November 25, 2015

Archives for May 9, 2012

When you can’t win on the economy, go after gay marriage.

Typically, I write off most of what Joe Biden says to gaffs. Even in jest, though, the truth is often found.  Like when he said he supported gay marriage while the President’s views were still “evolving,” whatever that means.

Actually–wait. I’ll tell you what “evolving” means: it means that the President, as of this morning, supports gay marriage. Three days after the Vice President’s gaff, and a day after a very flustered White House Press Secretary fought to keep the news media at bay, a quickly arranged interview with ABC revealed that the President’s views on marriage are no longer “evolving.” He supports gay marriage.

“I have to tell you that over the course of several years as I have talked to friends and family and neighbors, when I think about members of my own staff who are in incredibly committed monogamous relationships, same-sex relationships, who are raising kids together; when I think about those soldiers or airmen or marines or sailors who are out there fighting on my behalf and yet feel constrained, even now that ‘don’t ask, don’t tell’ is gone, because they are not able to commit themselves in a marriage, at a certain point I’ve just concluded that for me personally it is important for me to go ahead and affirm that I think same sex couples should be able to get married,” Obama told Roberts in an interview to appear on ABC’s “Good Morning America” Thursday.
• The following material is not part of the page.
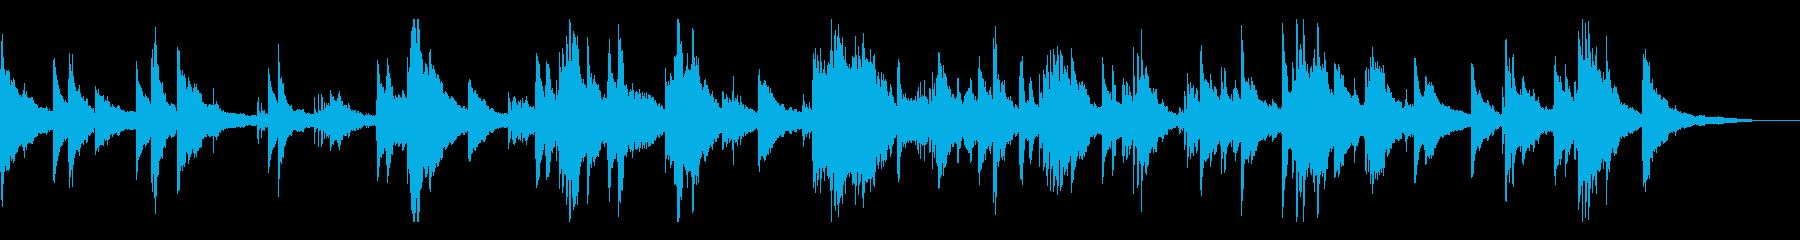 不気味と静寂/和風の雰囲気10 ピアノ+の再生済みの波形
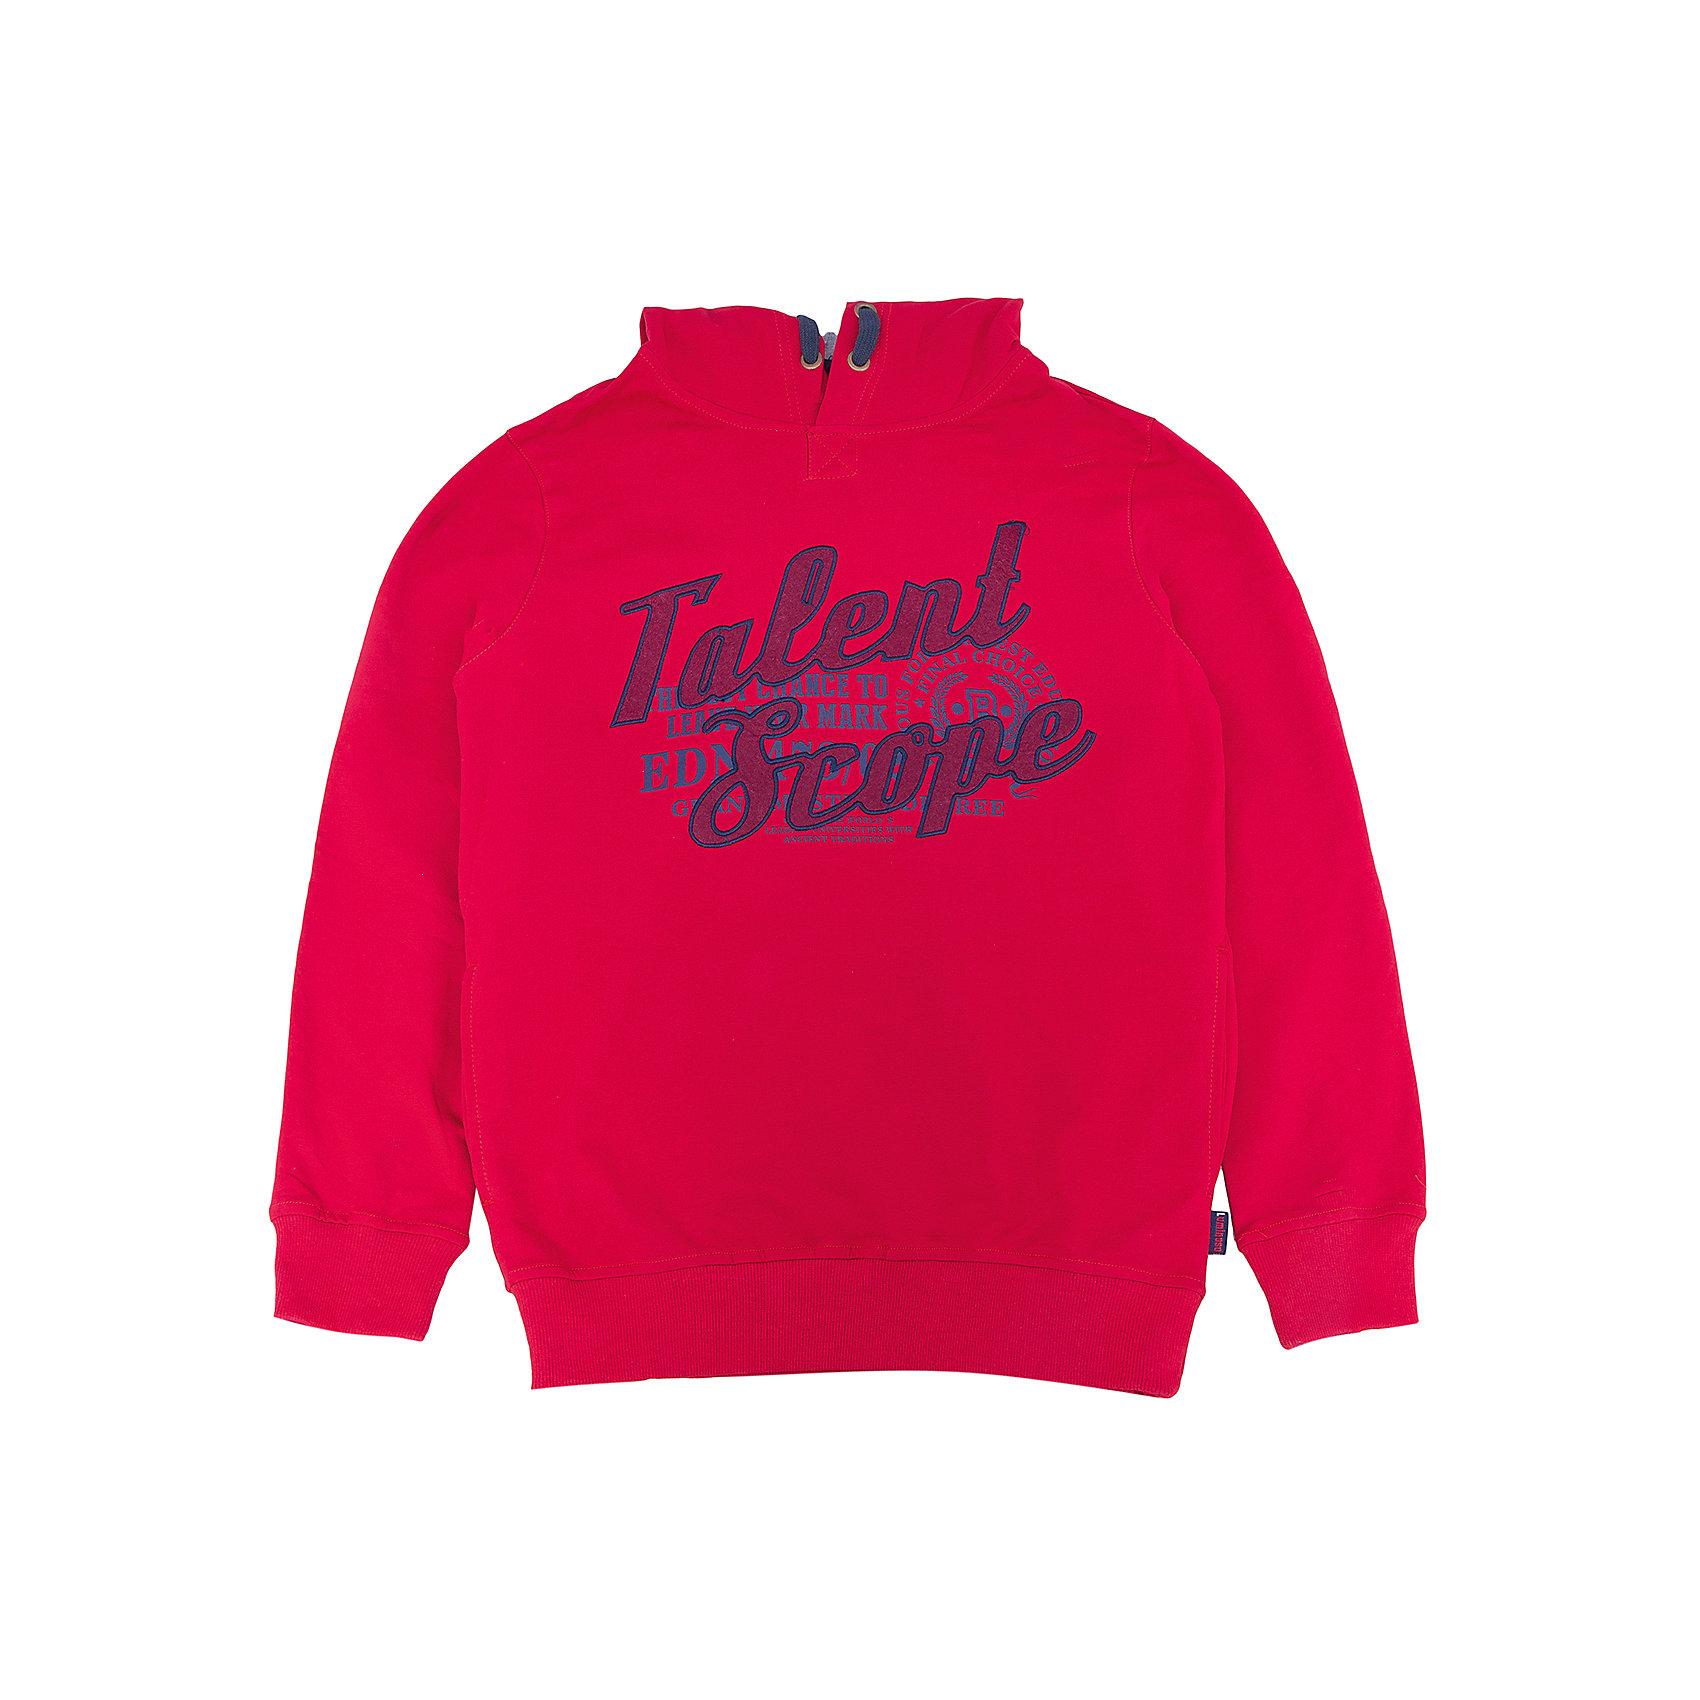 Толстовка для мальчика LuminosoХарактеристики товара:<br><br>- цвет: красный;<br>- материал: 95% хлопок, 5% эластан;<br>- капюшон;<br>- длинный рукав;<br>- принт.<br><br>Стильная одежда от бренда Luminoso (Люминосо), созданная при участии итальянских дизайнеров, учитывает потребности подростков и последние веяния моды. Она удобная и модная.<br>Эта стильная толстовка идеальна для прохладной погоды. Он хорошо сидит на ребенке, обеспечивает комфорт и отлично сочетается с одежной разных стилей. Модель отличается высоким качеством материала и продуманным дизайном.<br><br>Толстовку для мальчика от бренда Luminoso (Люминосо) можно купить в нашем интернет-магазине.<br><br>Ширина мм: 190<br>Глубина мм: 74<br>Высота мм: 229<br>Вес г: 236<br>Цвет: красный<br>Возраст от месяцев: 144<br>Возраст до месяцев: 156<br>Пол: Мужской<br>Возраст: Детский<br>Размер: 158,152,146,140,134,164<br>SKU: 4931019

Never mind that it flies in the face of laws and state constitutional amendments in over thirty states, including, also as of this morning, North Carolina.  I write that policy change off to more than just the Veep’s gaff–it’s the result of a previously calculated development of a wedge issue. If the president can’t win on the economy–and he can’t–he’s going to go after something else.

Can we get a quote from you on that historic vote, Mr. President? No? Well, how about from the Obama campaign?

President Barack Obama’s campaign says he’s “disappointed” with North Carolina’s constitutional amendment banning gay marriage.

Obama campaign spokesman Cameron French said in a Tuesday statement that the ban on same-sex unions is “divisive and discriminatory.”

That’s what happens when the Vice President makes a gaff (was it a gaff?). An entire administration shifts its political strategy to compensate.

Result? A wedge issue for the general election rightly belongs in the states, not the federal government. No matter how you feel about gay marriage–and even if your views are “evolving–it’s an issue that is reserved to the states to decide. By introducing it at the federal level we face the likelihood that issues more relevant to the Presidential race will be pushed aside.

Issues like the economy. Or the absence, for three years running now, of a federal budget.

Be smart. Leave gay marriage to the states. Deal with the things that matter on the federal level, starting with entitlement reform, deficit reduction, national security, and government spending. The family, and family law, is an issue that is better left reserved to the states.